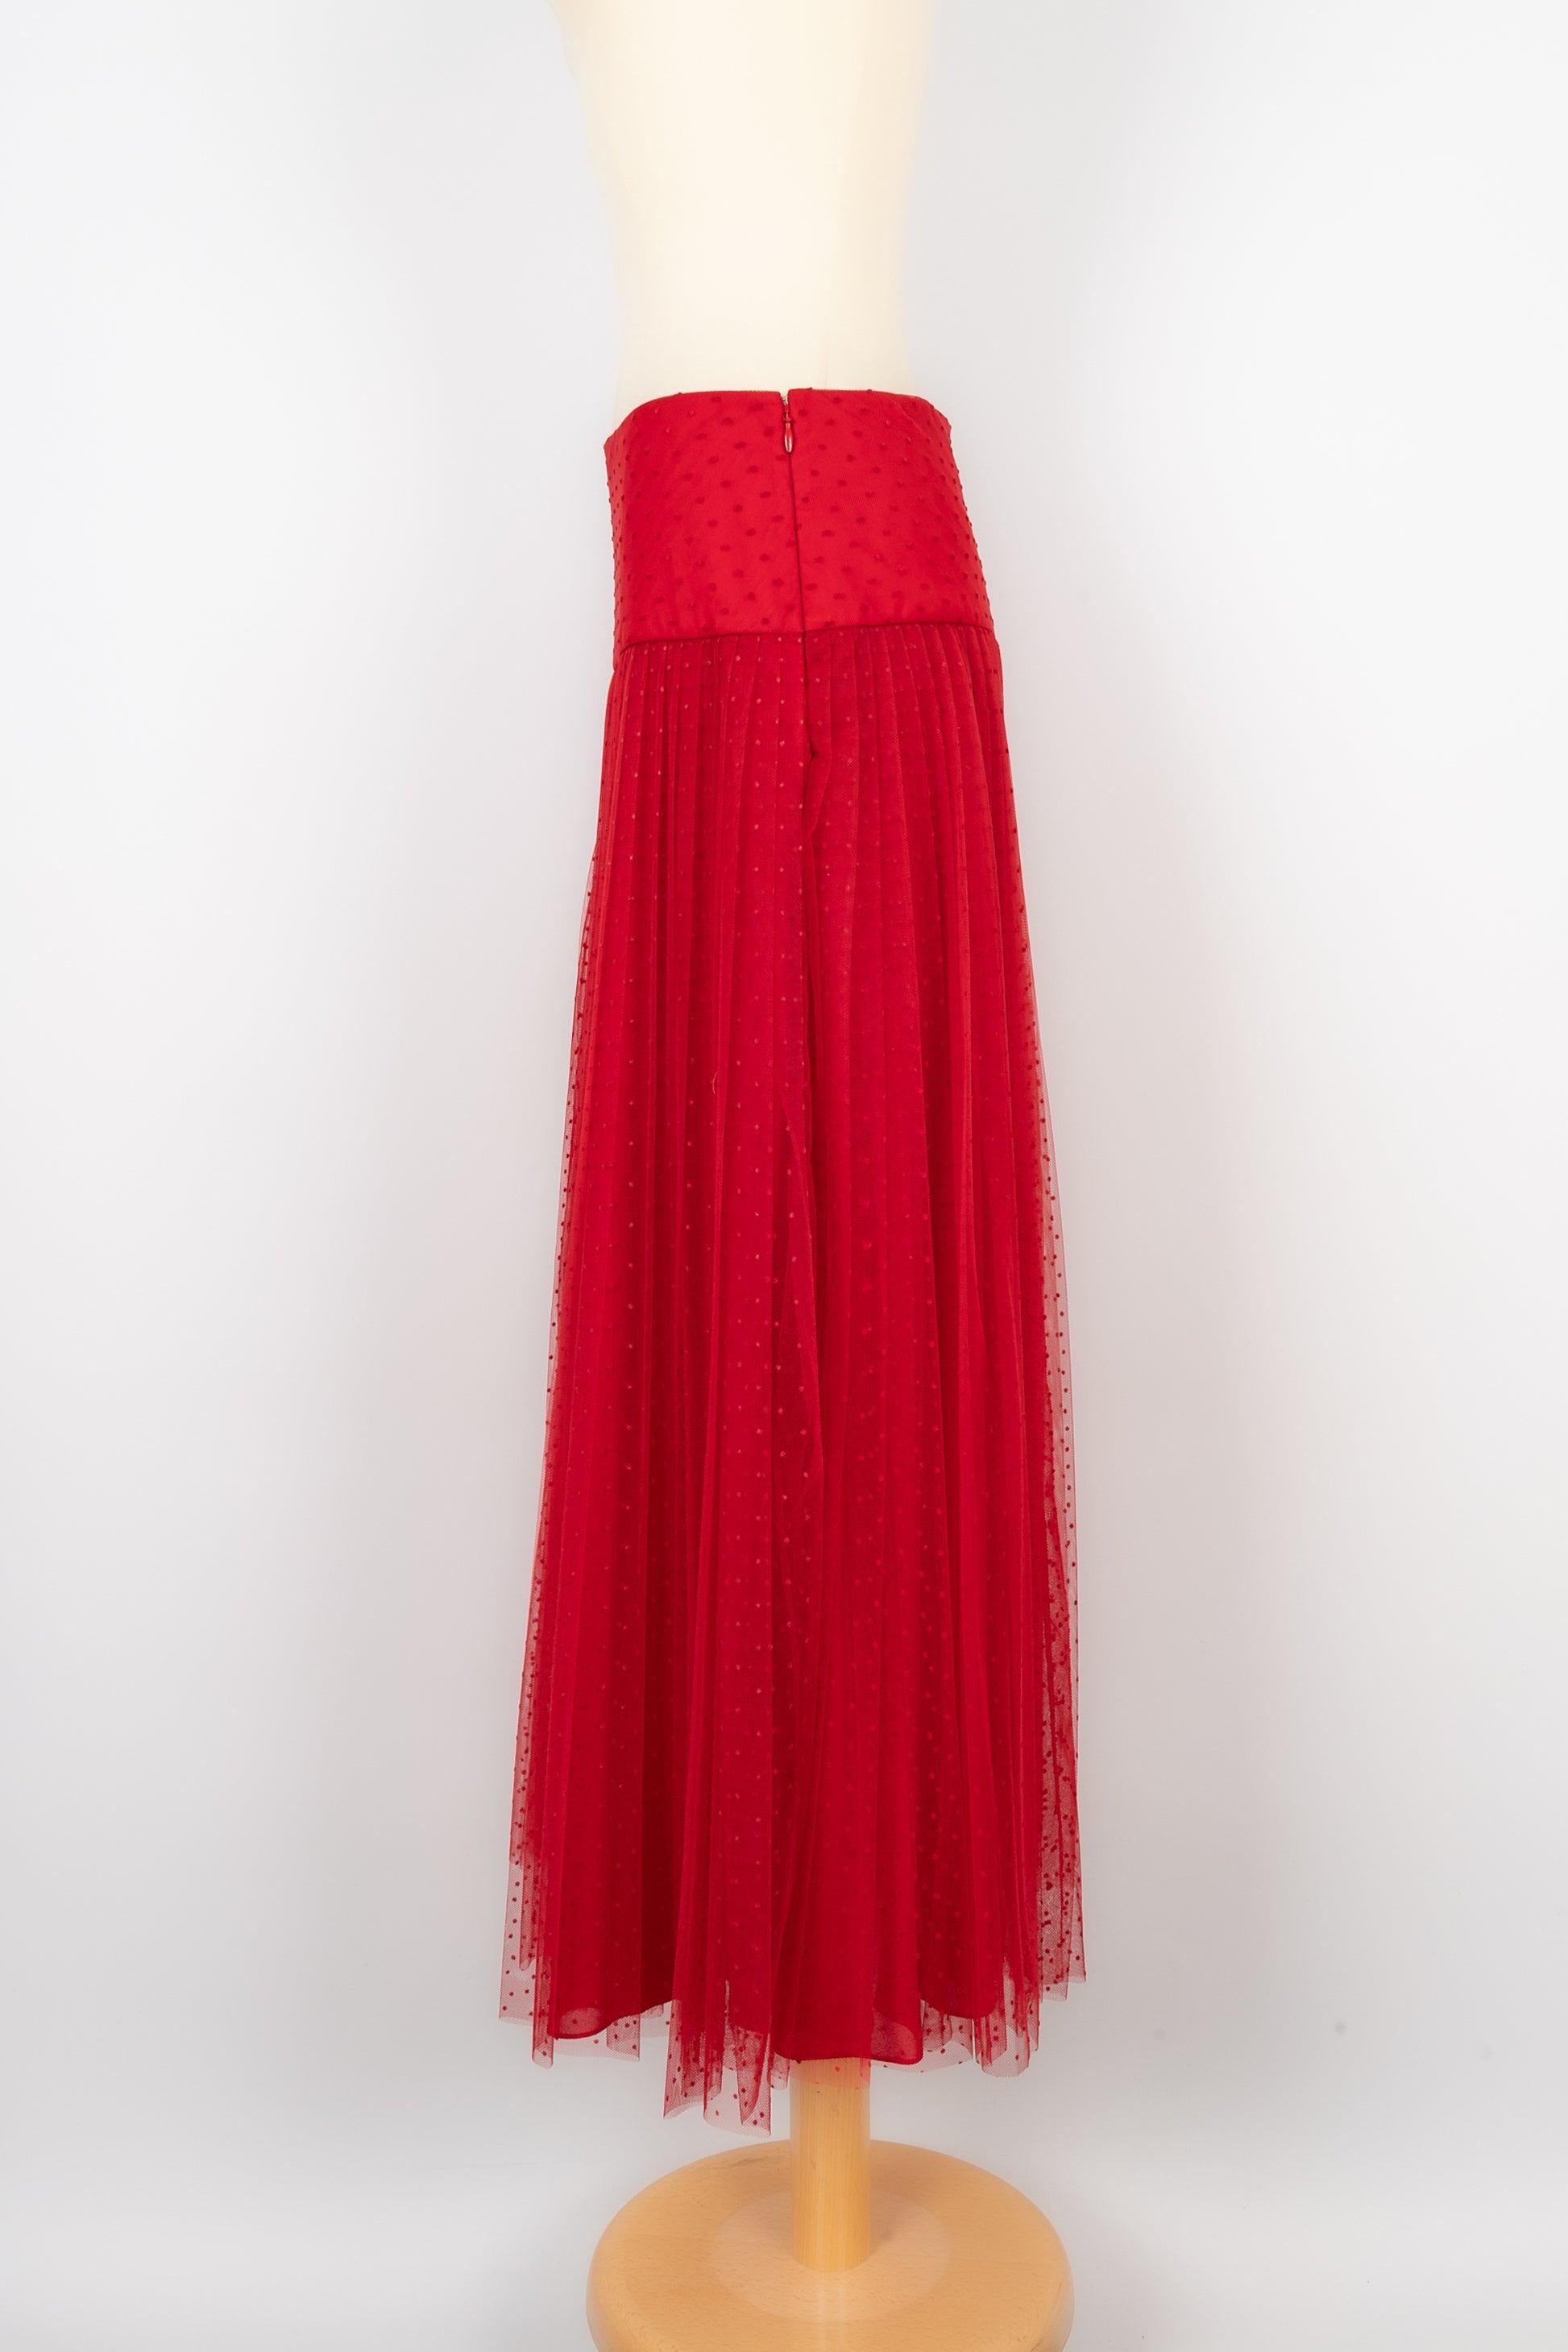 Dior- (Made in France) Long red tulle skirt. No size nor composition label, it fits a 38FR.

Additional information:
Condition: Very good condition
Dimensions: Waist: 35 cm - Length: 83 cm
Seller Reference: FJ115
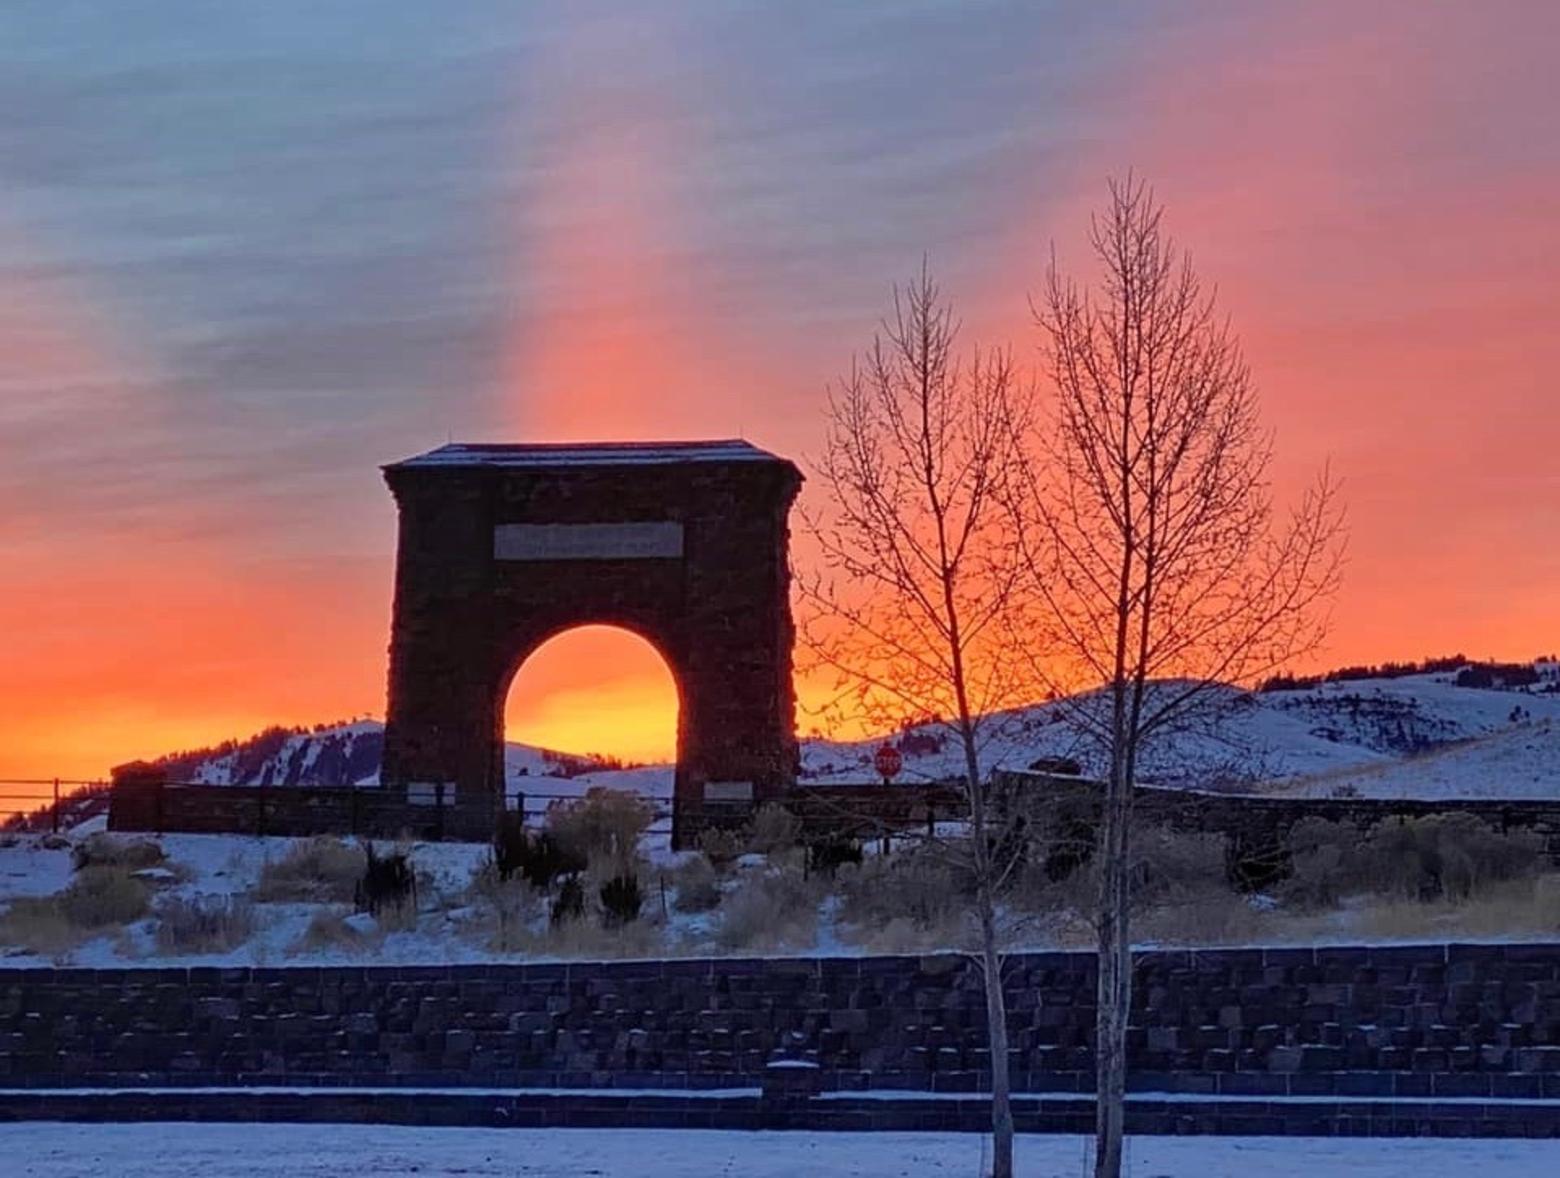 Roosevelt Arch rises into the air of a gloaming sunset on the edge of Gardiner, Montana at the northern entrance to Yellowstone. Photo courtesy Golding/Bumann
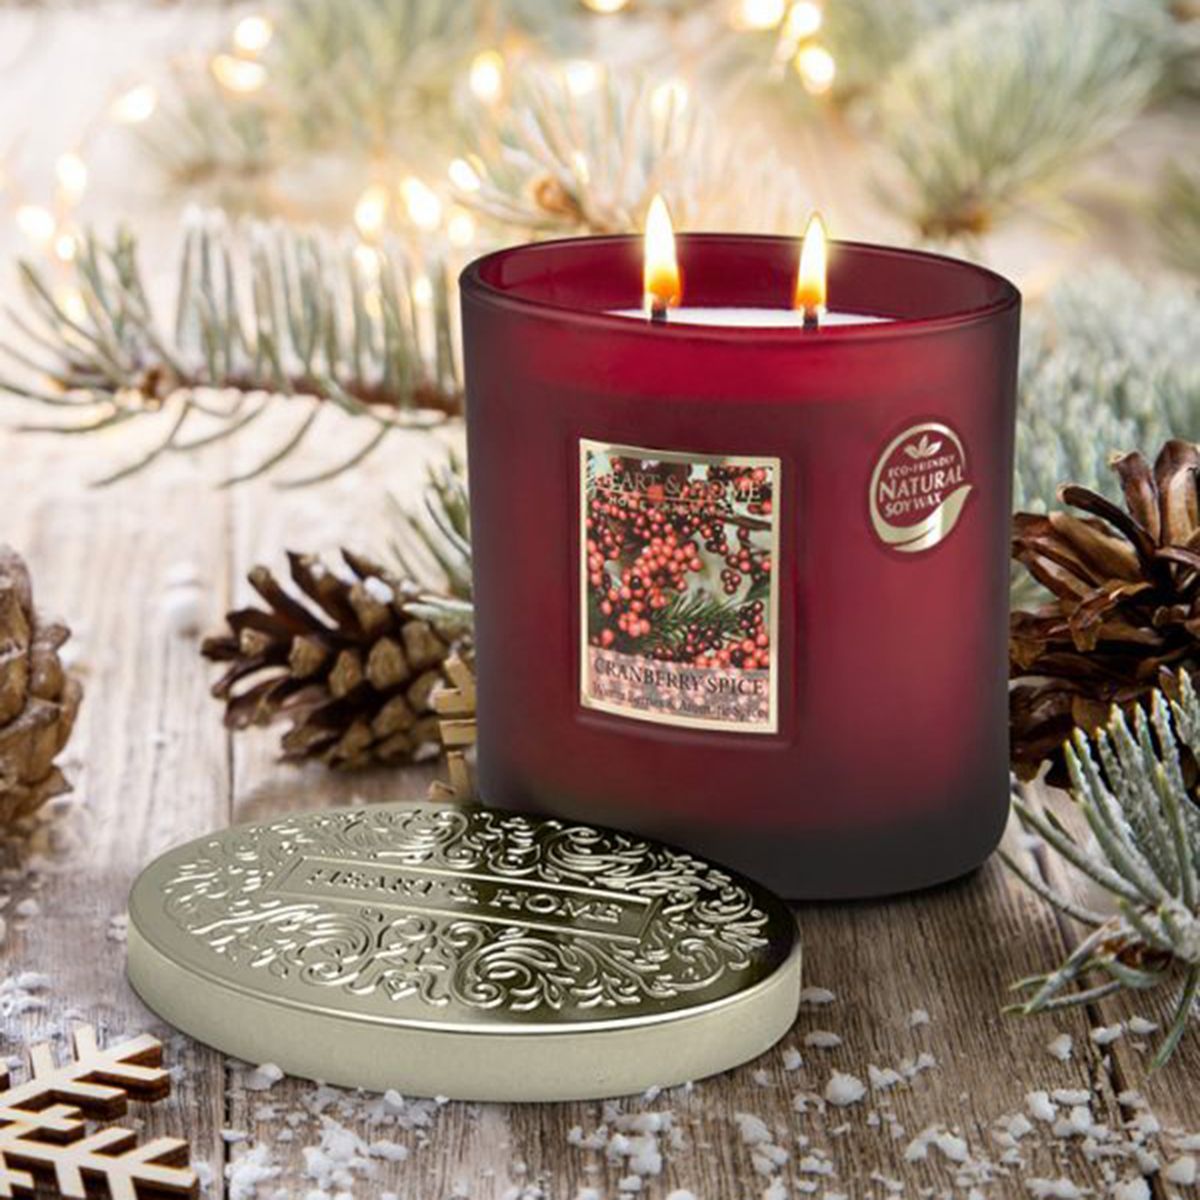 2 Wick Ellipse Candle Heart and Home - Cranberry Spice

------

§ PROBLEM TO SOLVE: Exact wording is required throughout: write out all the records, but no pictures.

§ PROBLEM SOLUTION:
 Dior- (Made in France) Long red tulle skirt. No size nor composition label, it fits a 38FR.

Additional information:
Condition: Very good condition
Dimensions: Waist: 35 cm - Length: 83 cm
Seller Reference: FJ115
 Roosevelt Arch rises into the air of a gloaming sunset on the edge of Gardiner, Montana at the northern entrance to Yellowstone. Photo courtesy Golding/Bumann
 2 Wick Ellipse Candle Heart and Home - Cranberry Spice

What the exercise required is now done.